**Collected data**
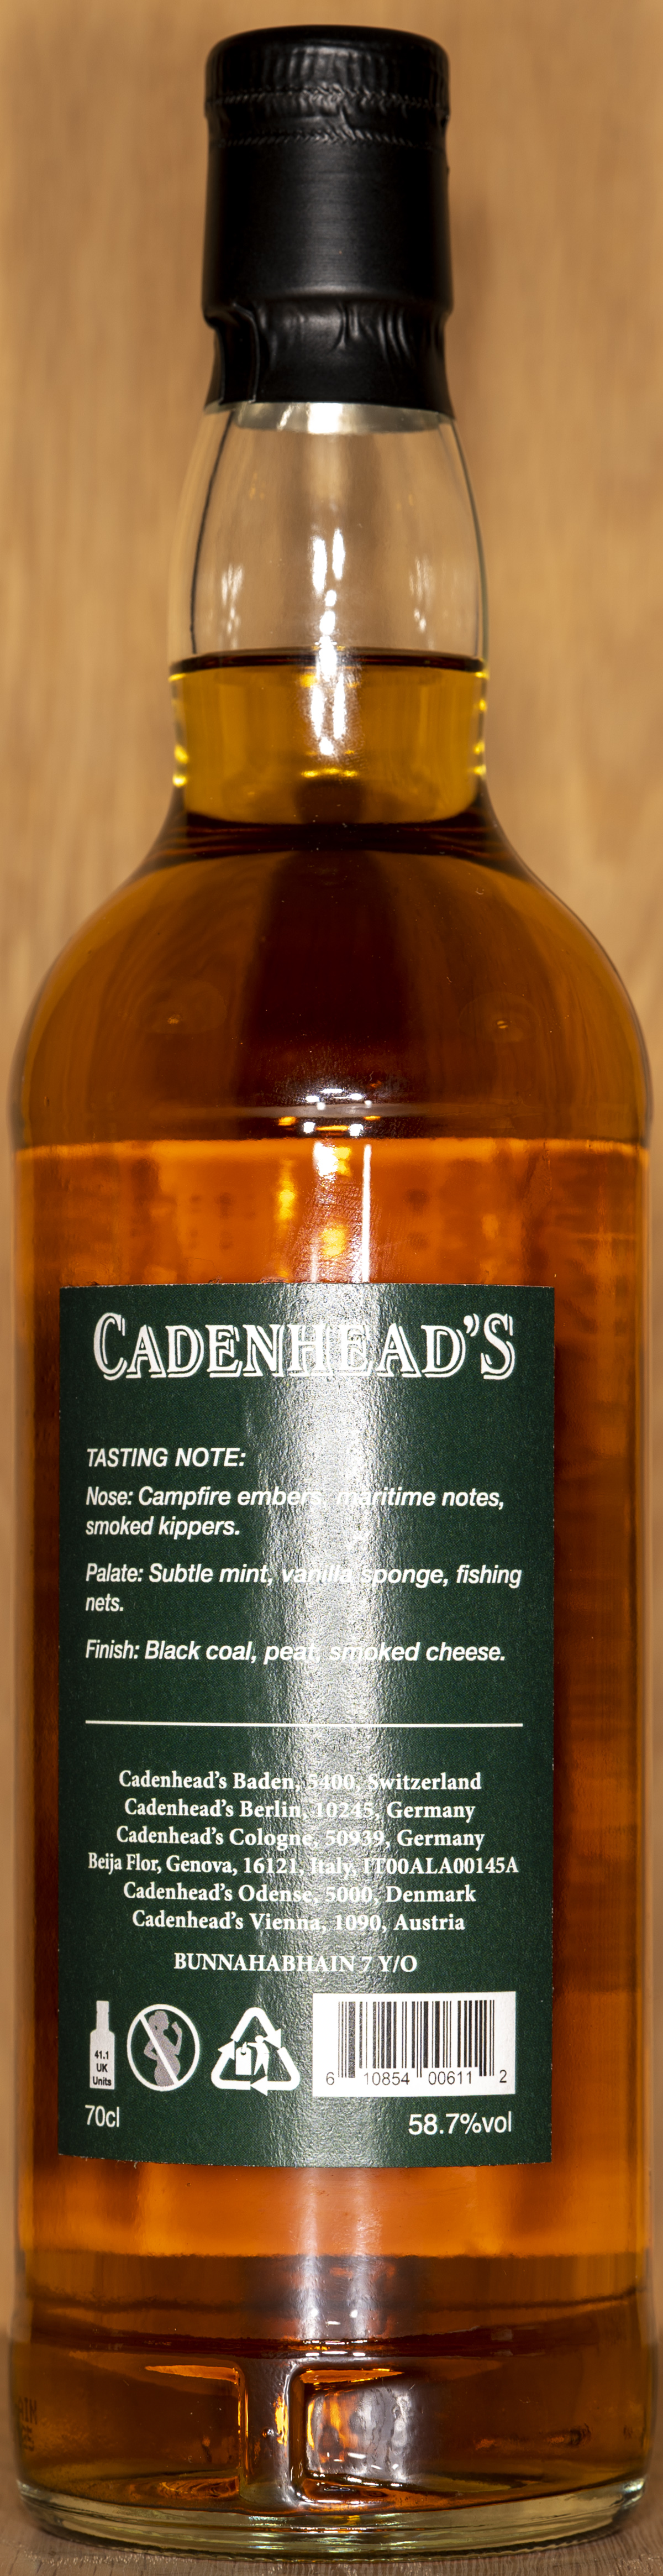 Billede: DSC_5028 - Cadenheads Authentic Collection Bunnahabhain 7 - bottle back.jpg
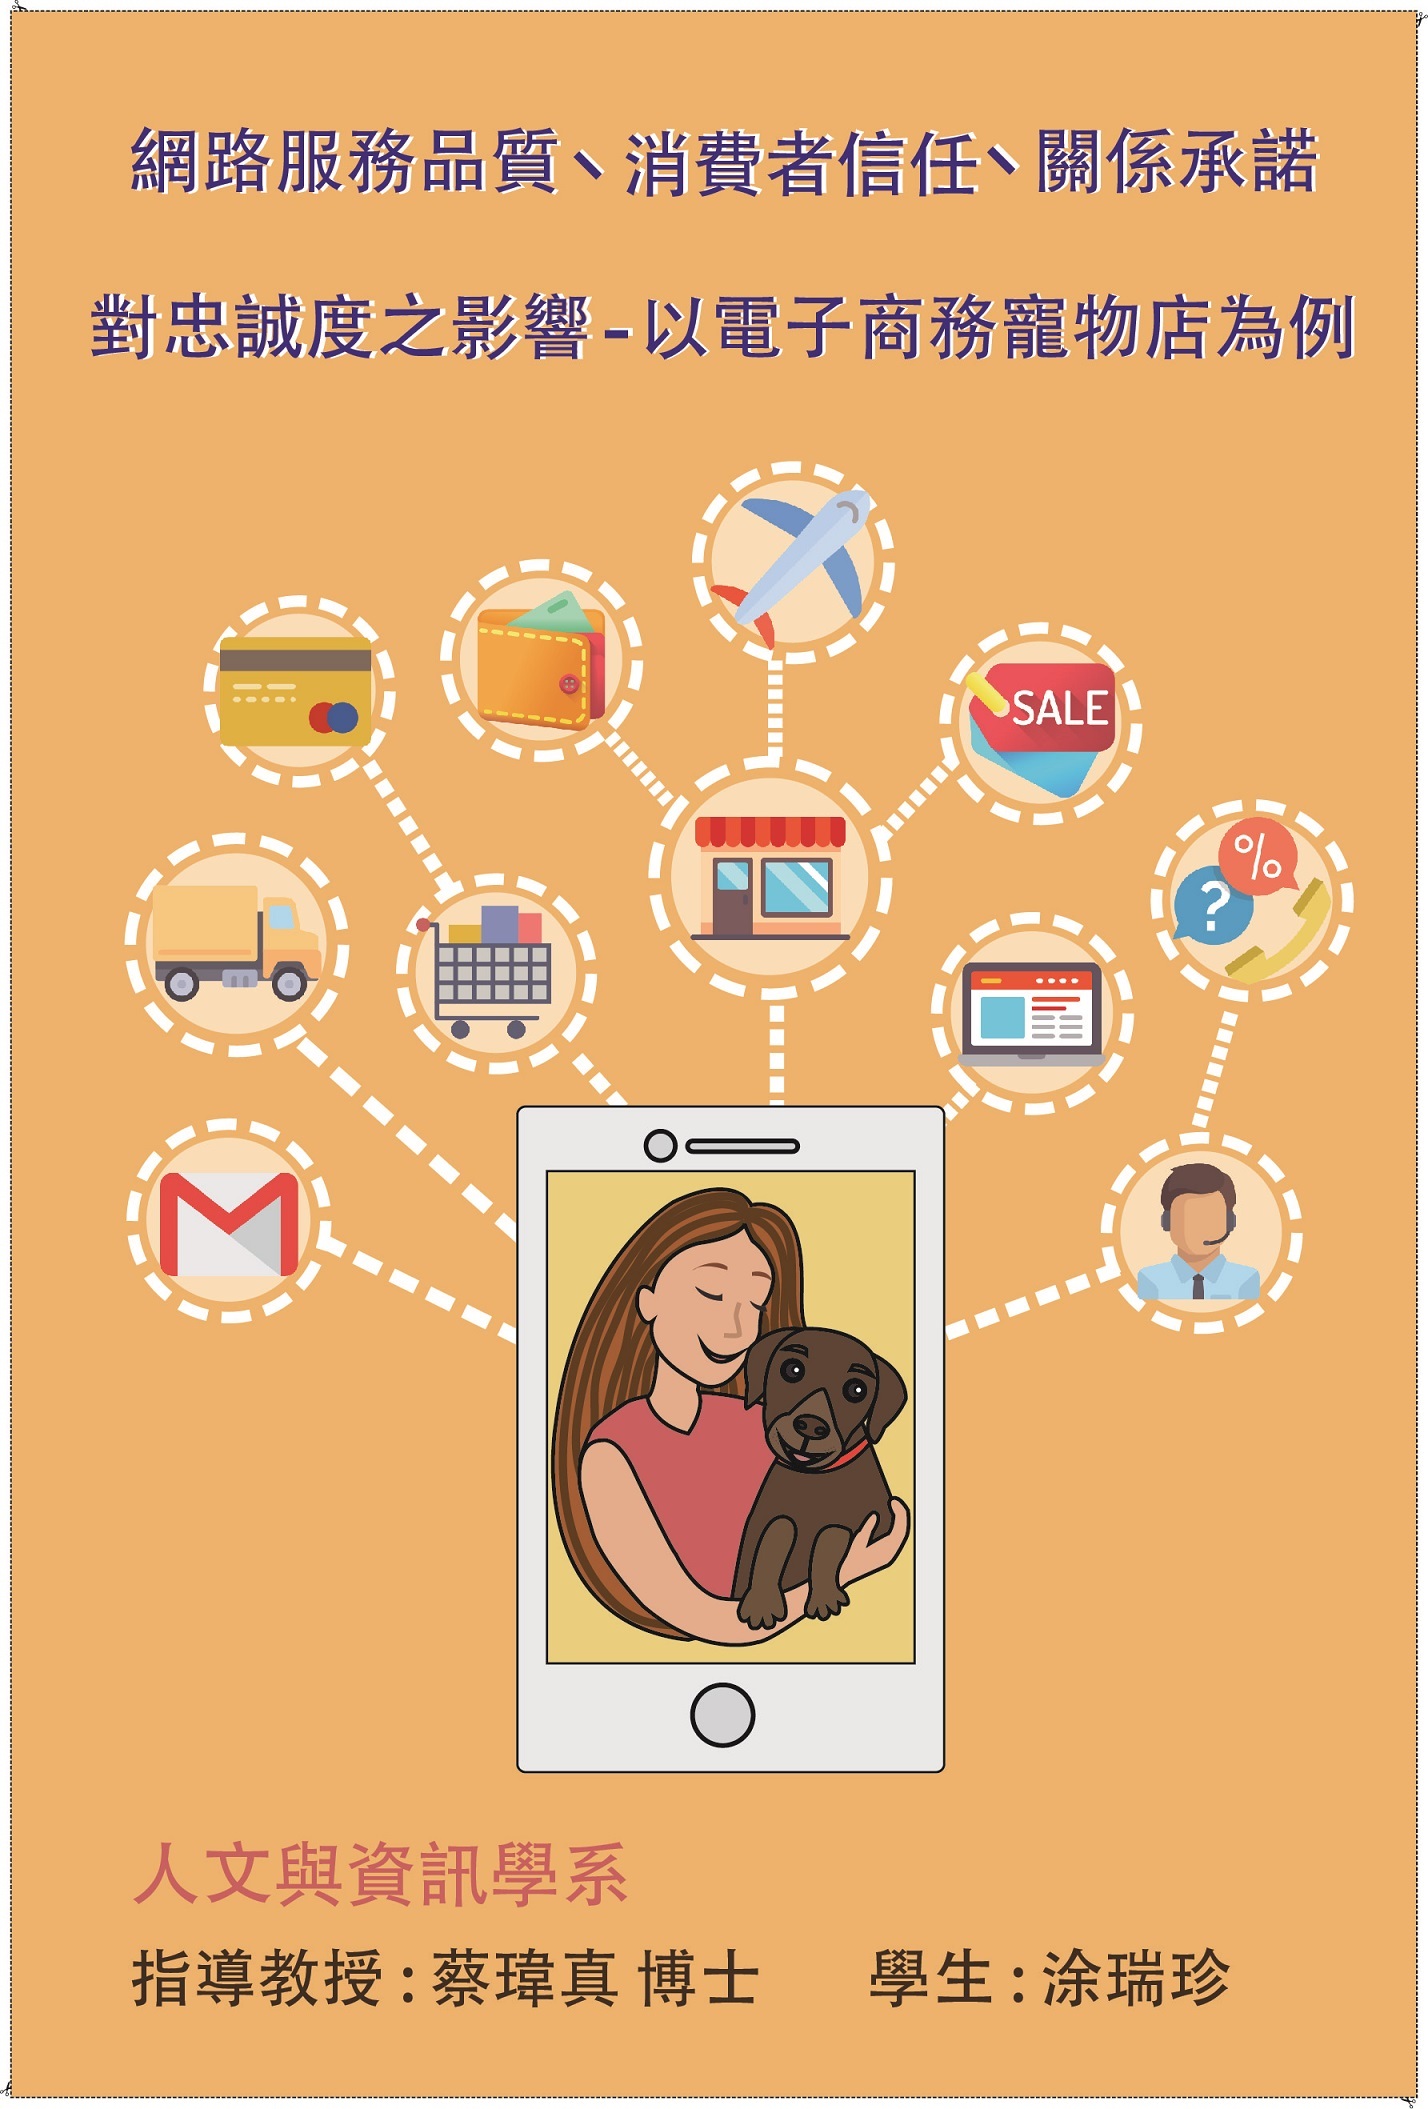 網路服務品質、消費者信任、關係承諾對忠誠度之影響 -以電子商務寵物店 為例
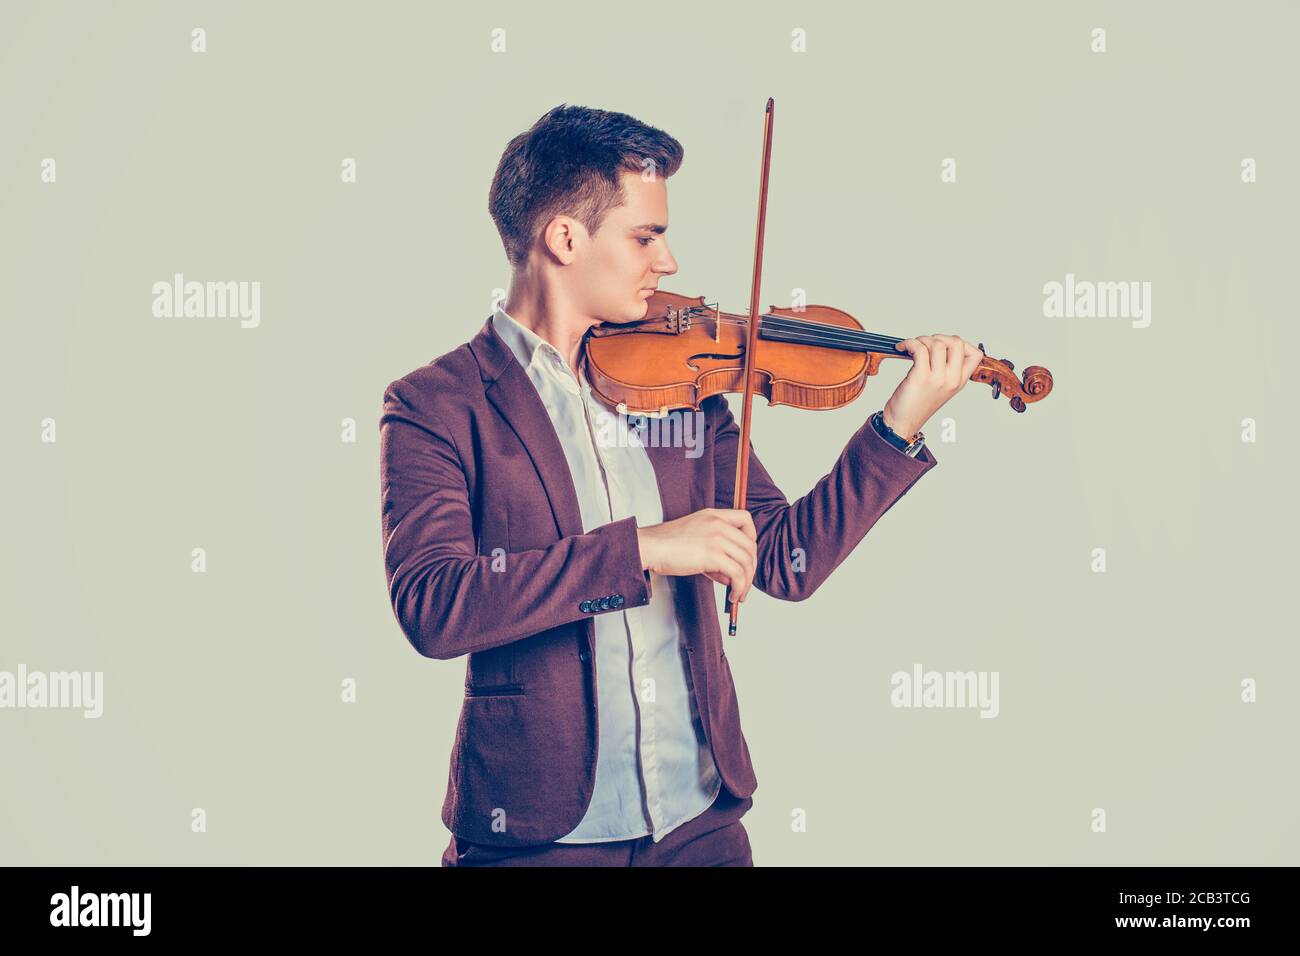 Passione musicale, concetto hobby. Giovane uomo vestito moderno ed elegante giocando su violino in legno in uno studio isolato su uno sfondo verde chiaro. H Foto Stock

**Activity**
From the first line to the last, retype the data exactly, without images.

**Response to the exercise**
 Billede: DSC_5028 - Cadenheads Authentic Collection Bunnahabhain 7 - bottle back.jpg
 網路服務品質、消費者信任、關係承諾對忠誠度之影響 -以電子商務寵物店 為例
 Passione musicale, concetto hobby. Giovane uomo vestito moderno ed elegante giocando su violino in legno in uno studio isolato su uno sfondo verde chiaro. H Foto Stock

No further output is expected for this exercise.